Subtract $ \dfrac{4}{x+3} $ from $ \dfrac{x}{x+1} $ to get $ \dfrac{ \color{purple}{ x^2-x-4 } }{ x^2+4x+3 }$.

To subtract raitonal expressions, both fractions must have the same denominator.
We can create a common denominator by multiplying the first fraction by $ \color{blue}{ x+3 }$ and the second by $\color{blue}{ x+1 }$.

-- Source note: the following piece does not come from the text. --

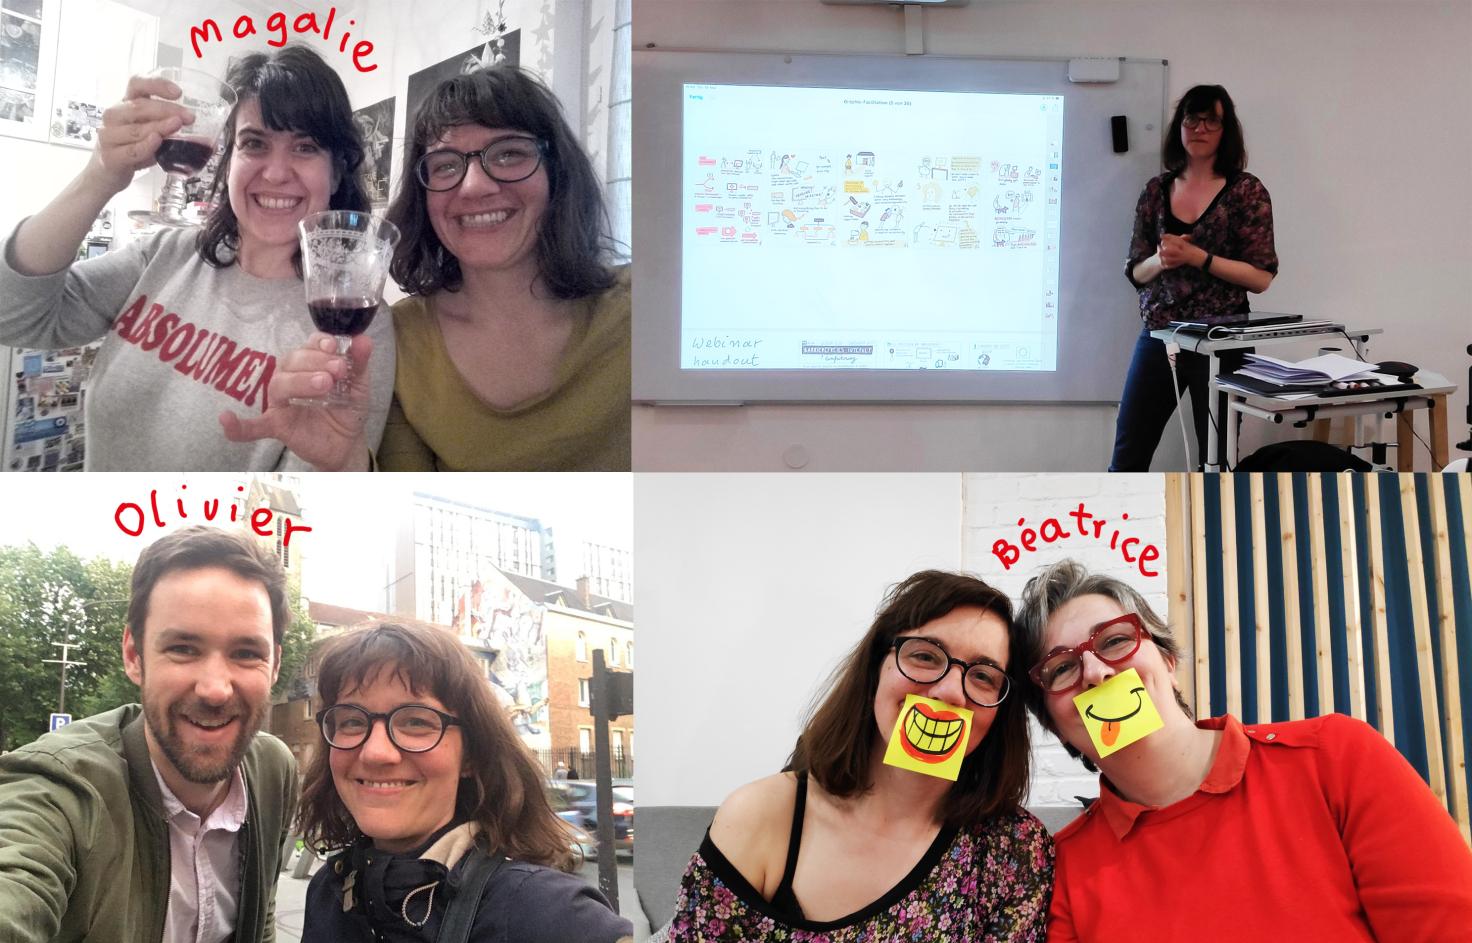 Vier Bilder insgesamt. drei Selfies mit der jeweiligen Person. Das mit Magalie sieht lustig aus, weil wir mit Weingläsern lachen und das mit Beatrice sieht lustig aus, weil wir Posits auf unseren Münden kleben haben. Darauf sind lachende Münder gezeichnet. Ein Foto zeit mich beim Präsentieren ins Beas Workshop.

$$ \begin{aligned} \frac{x}{x+1} - \frac{4}{x+3} & = \frac{ x \cdot \color{blue}{ \left( x+3 \right) }}{ \left( x+1 \right) \cdot \color{blue}{ \left( x+3 \right) }} - \frac{ 4 \cdot \color{blue}{ \left( x+1 \right) }}{ \left( x+3 \right) \cdot \color{blue}{ \left( x+1 \right) }} = \\[1ex] &=\frac{ \color{purple}{ x^2+3x } }{ x^2+3x+x+3 } - \frac{ \color{purple}{ 4x+4 } }{ x^2+3x+x+3 }=\frac{ \color{purple}{ x^2+3x - \left( 4x+4 \right) } }{ x^2+4x+3 } = \\[1ex] &=\frac{ \color{purple}{ x^2-x-4 } }{ x^2+4x+3 } \end{aligned} $$